世界中のどこを見回してみても日本ほど豊かな国は見当たらない。それなのに、どうして、これ以上の経済成長を望む必要があるのでしょうか。無理をして、一時的に成長したとしても、限界は見えているのではないでしょうか。それならば、これからは、成長ではなく、『自由』を、高度な社会の指標としてはどうでしょうか。
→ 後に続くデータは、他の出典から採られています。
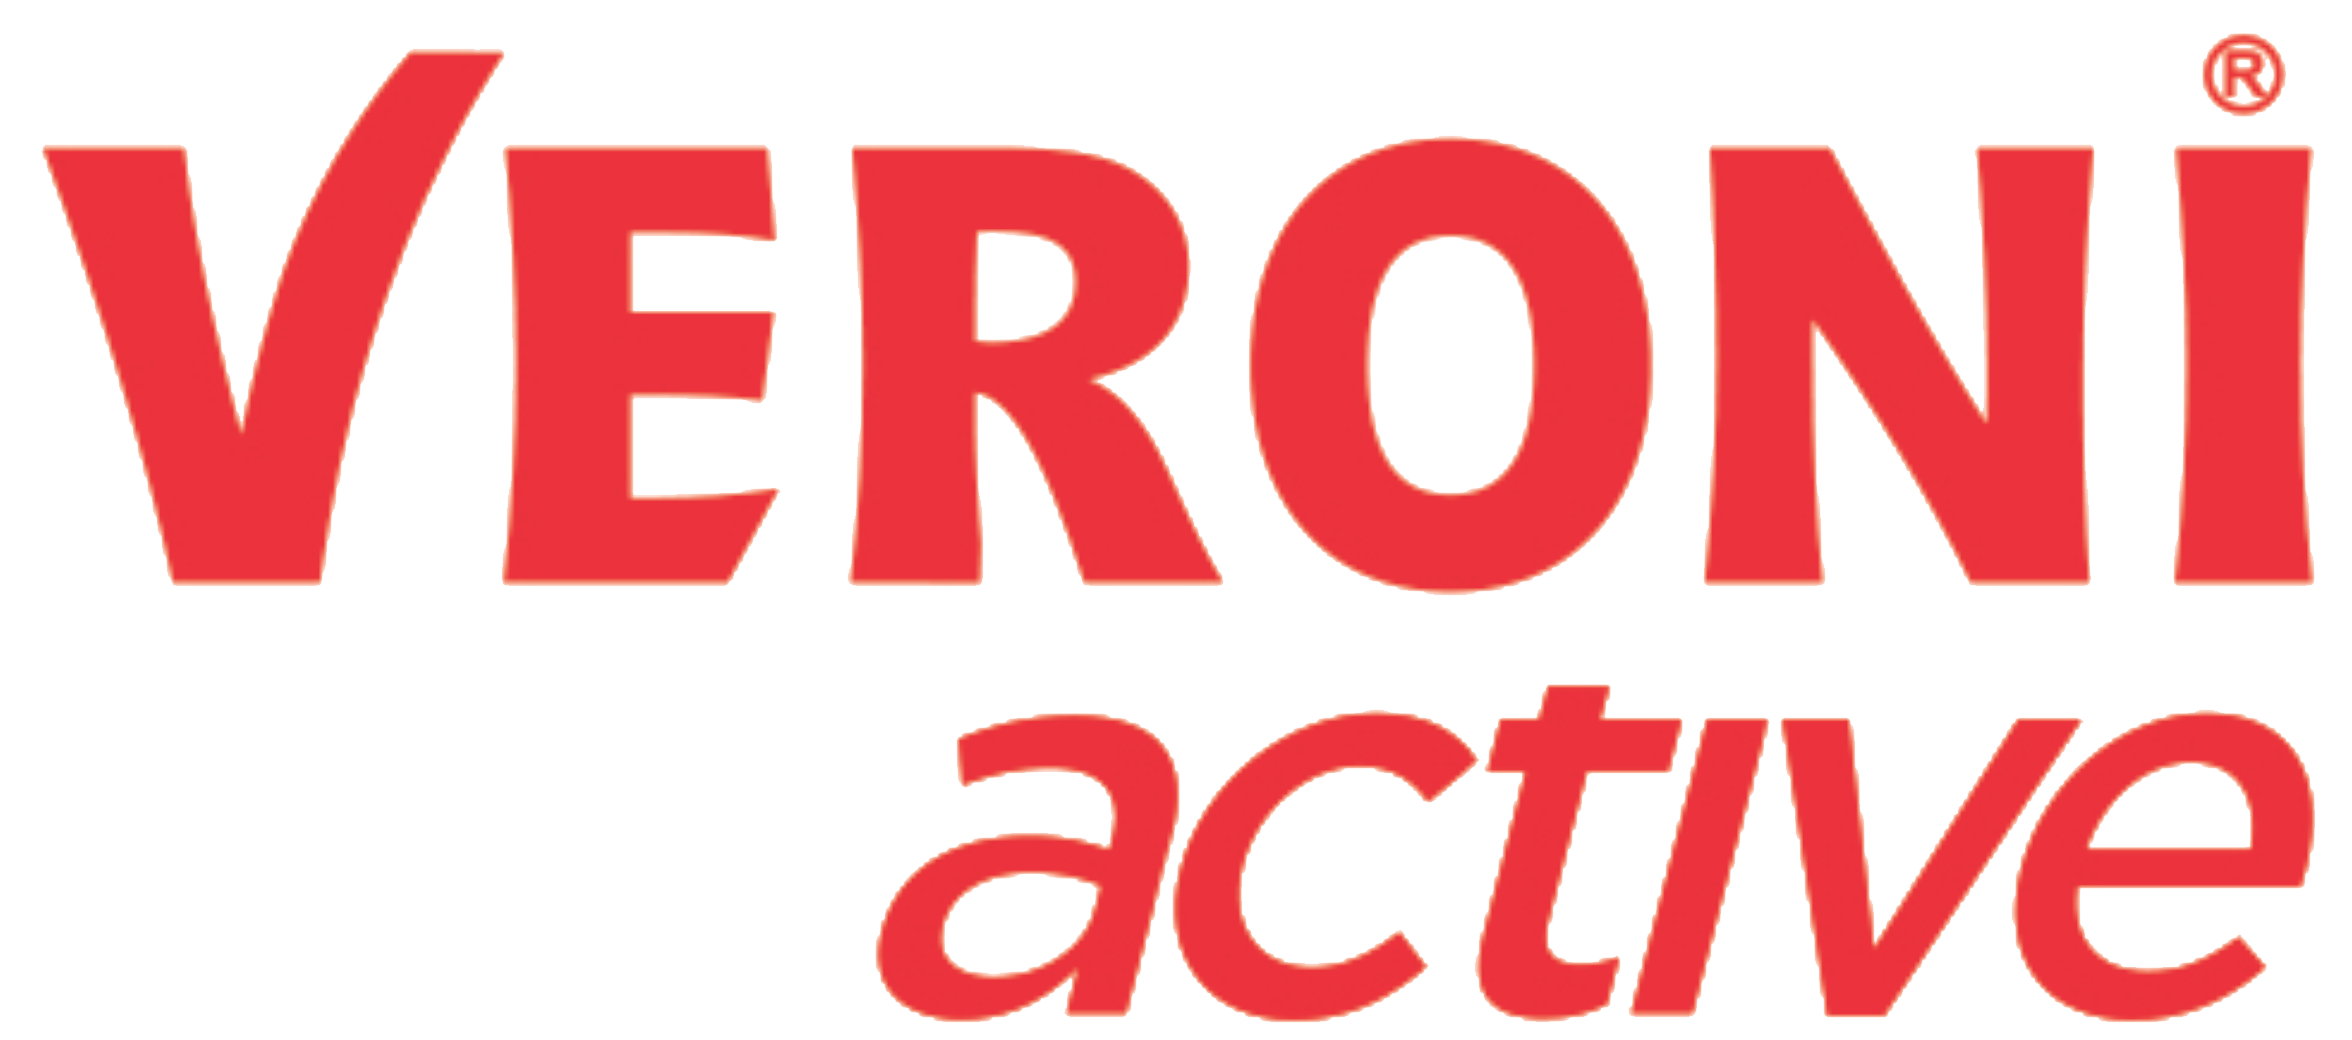 movie_logo

また、ノーベル経済学賞を受賞したアマルティア・セン教授も、そもそも『自由』がなければ発展はあり得ないと述べています。

帰国時に見る日本はキラキラと輝いている

日本に住んでいると、「本当にこれが高度に成長した社会?」と思ってしまうかもしれませんが、アジア圏在住の筆者にとって、帰国時に見る日本は、いつも、キラキラと輝いています。暗いニュースばかりが飛び交い、閉塞感が漂う社会にあっても、『日本人が持っているもの』は、世界のどの国の人々も羨むようなものばかりなのです。

「貧しさの対極にあるべきものは、物質的な豊かさではなく、自由である」。…開発経済学者たちが近年こぞって口にするこの言葉の意味を、じっくり考えてみたいと思う今日このごろです。